Dia memegangi daguku dan mengembalikan tatapan ku.
"Nyonya Yuaga, menurut lu sekarang gua ini siapa?" Tanyanya lagi sambil memiringkan kepalanya.
Aku tidak berani menjawab pertanyaannya, seolah-oleh rahang ku sudah terkunci dengan rapat.
"Kenapa lu diam!" Bisik nya. "Bukannya tadi, lu ngomongnya lancar banget."
Aku tetap tak menjawab, ketimbang rasa takut karena berhadapan langsung dengannya, hatiku malah merasa tak karuan saat berada sedekat ini.
Lalu dengan cepat dia menarik lenganku dan posisi kami jadi sangat dekat bahkan ujung rambutku sudah menyentuh wajahnya. Dia hanya tersenyum sambil mengeluarkan suara dengusan kecil saat aku kaget, wajah kami menjadi sedekat ini.
"Asal lu tau aja, lu tuh cewek paling populer di antara para cowok yang seangkatan gua. Kadang gua jadi sebel sendiri kalau mereka tiba-tiba ngembahas lu, padahal lu itu istri gua!!" Ujarnya memainkan rambutku dengan jarinya, "Rumornya, banyak cowok-cowok yang udah deketin lu, tapi ga ada satupun yang berhasil dapetin lu, ga sangka lu bisa akting kaget gitu pas gua ajakin skinship." Ujarnya lalu mendaratkan tangannya di pipiku dan menyibak rambut yang menutupi telingaku.
Di tahap ini, aku sudah mulai merasakan ada yang aneh dalam pembicaraan ini, dan berusaha agar tak terbawa suasana.

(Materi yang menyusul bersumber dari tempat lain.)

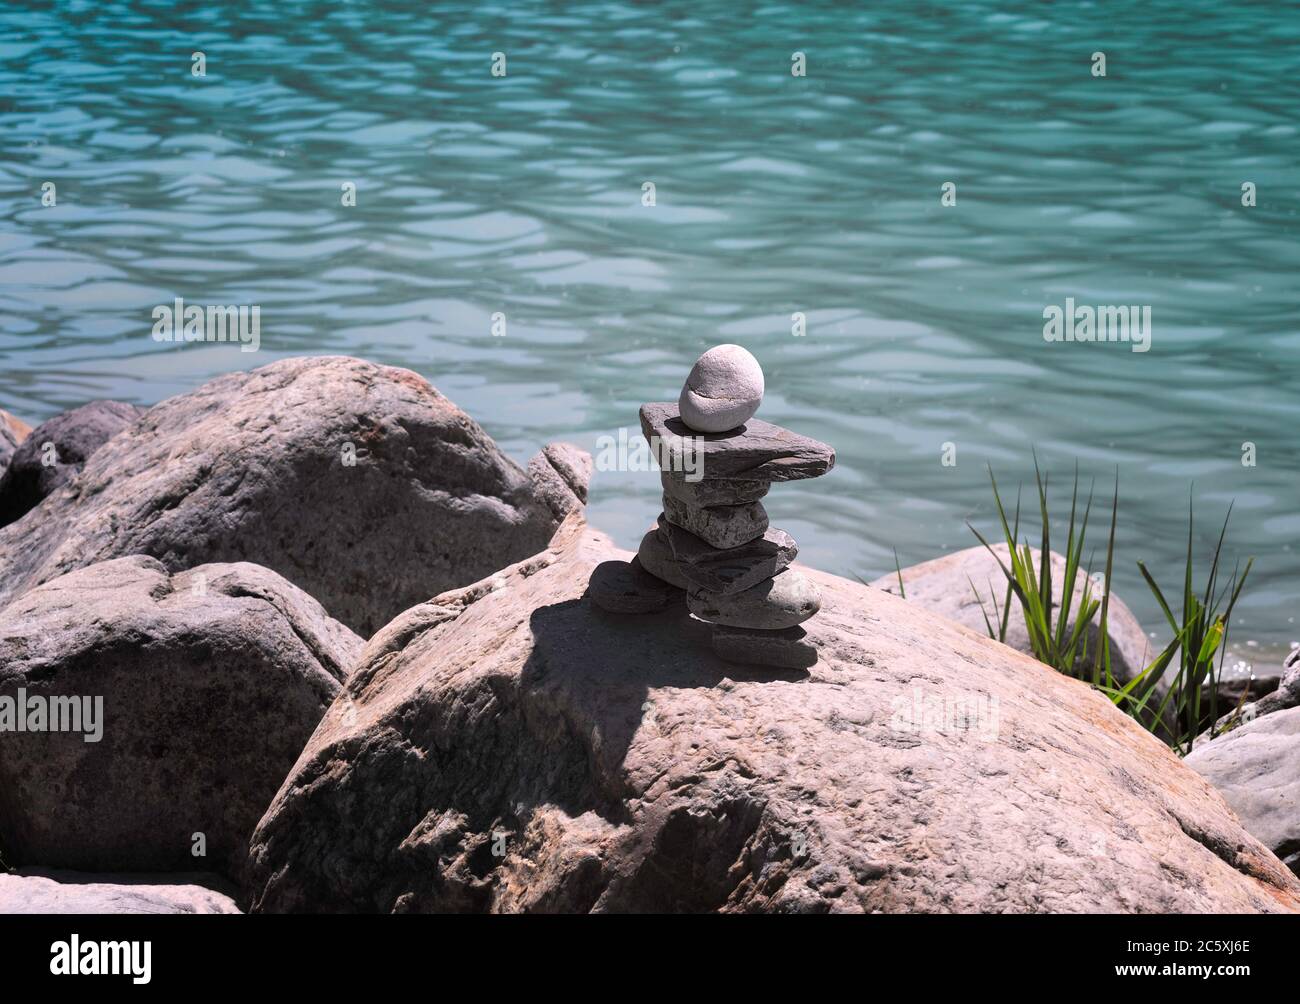 Inukshuk, piled stone structure over rocks with lake view behind. Relax Stock Photo

"Lu tau ga, gua tuh paling suka tipe cewek kayak lu, yang malu-malu gini. Terus ngajakin buat jalanin hubungan pelan-pelan." Ujarnya setengah berbisik. "Gua malah jadi tambah nafsu, sumpah gua malah tambah gak sabar buat liat keahlian lu di atas ranjang."
Aku langsung mendorongnya menjauh dari tubuhku.

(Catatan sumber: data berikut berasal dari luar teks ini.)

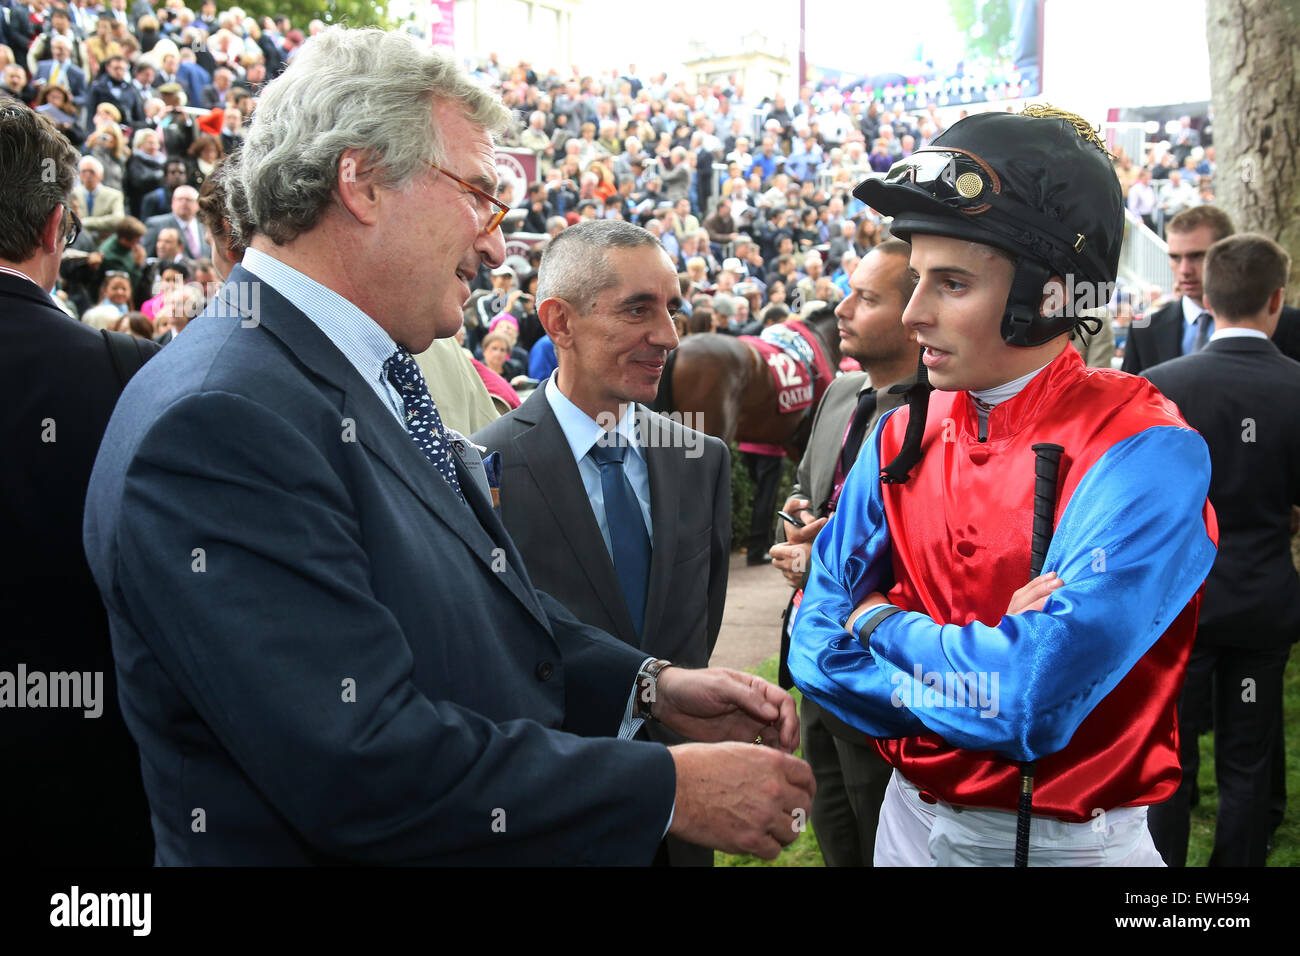 Paris, France, Georg Baron von Ullmann (left), a private banker, Jean-Pierre Carvalho, horse trainer and William Buick, Jockey Stock Photo

Tapi reaksinya malah tertawa puas karena telah berhasil mengerjaiku.
***********
Si*l aku terlambat.
Sumpah, aku BEG* banget! Kenapa di janji penting seperti ini aku harus terlambat.
Hari ini pemilik hotel G ingin bertemu dengan ku dan membicarakan design interior untuk restorannya.
Tanpa mandi dan hanya mengenakan pakaian sesederhana mungkin, aku buru-buru turun dari lantai dua dan panik mengambil kertas-kertas ku di ruang baca.
Archie memperhatikan tingkahku dari kejauhan.
Dia sedang nonton TV di sofa dengan baju kaos kutang dan celana kolor sambil menikmati kopi pagi.
"Mau kemana lu?" Ujarnya berdiri menghalangi pintu keluar, sambil menyilang kan kedua tangannya.
"Minggir, aku udah telat banget ini, calon klien ku bakalan marah." Ujarku memelas.
Archie menggaruk kepalanya dan menundukan tubuhnya sampai tatapan kami sejajar.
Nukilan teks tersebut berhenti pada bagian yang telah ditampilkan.